# SVA - Simavita Limited



## System (19 February 2014)

Simavita Limited (SVA) is an Australian company which has developed an innovative world first solution for urinary incontinence management, using the SIM™ platform technology.

Simavita Limited is expected to list on the ASX on Thursday, February 20th, 2014.

http://simavita.com


----------



## greggles (27 August 2018)

Some good news today for Simavita Limited.


> Sydney, Australia – Simavita Limited (Simavita or the Company) (ASX: SVA) today announced that it had entered into its first major marketing agreement to target the sale of adult and infant products incorporating Simavita’s AlertPLUS™ platform technology. The Agreement will initially be limited to major customers in mass markets in North America and Europe.
> 
> Key commercial terms of the agreement are as follows:
> • Targeted roll-out, aimed at up to 4 major customers in North America and Europe.
> ...




While today's announcement is undoubtedly positive, I'm still a little unsure as to the impact this will have on SVA's bottom line. I am assuming that the amount of €200m (AUD310m) as mentioned in the announcement is the anticipated retail sales revenue without taking into account the cost of sales (production, distribution, retailer mark up etc.). How much of the pie will be left for SVA in the end? The answer at the moment is = ????

The market liked the announcement though. SVA is up 155.56% today to 4.6c.


----------



## barney (27 August 2018)

greggles said:


> While today's announcement is undoubtedly positive, I'm still a little unsure as to the impact this will have on SVA's bottom line. The market liked the announcement though.
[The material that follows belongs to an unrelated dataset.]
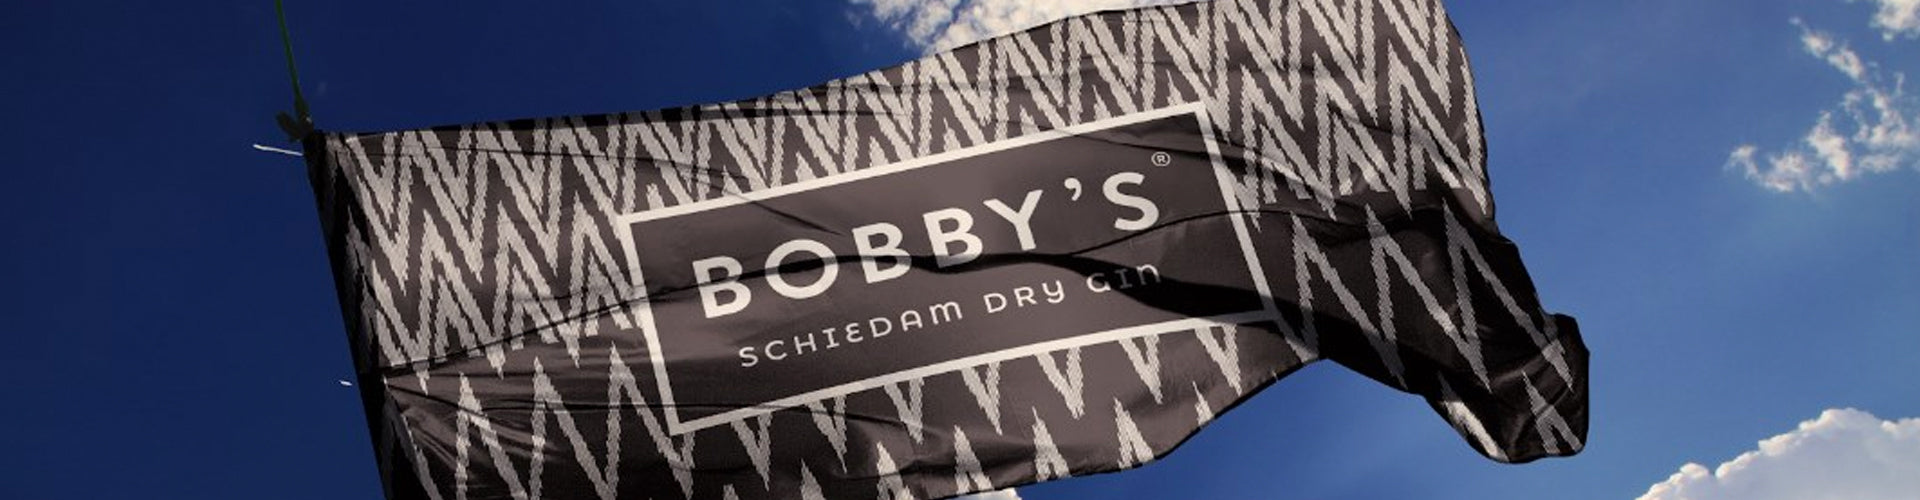 Bobby's Schiedam Gin Flag fluttering in sky

SVA is up 155.56% today to 4.6c.




Currently coming back to earth at 3.7 cents with the Buy side looking a bit thin ……. Has a P and D flavour about it but we shall see what eventuates.


----------



## System (23 February 2021)

On February 22nd, 2021, Simavita Limited (SVA) was removed from the ASX's Official List in accordance with Listing Rule 17.11, after security holders resolved to remove SVA from the Official List.


----------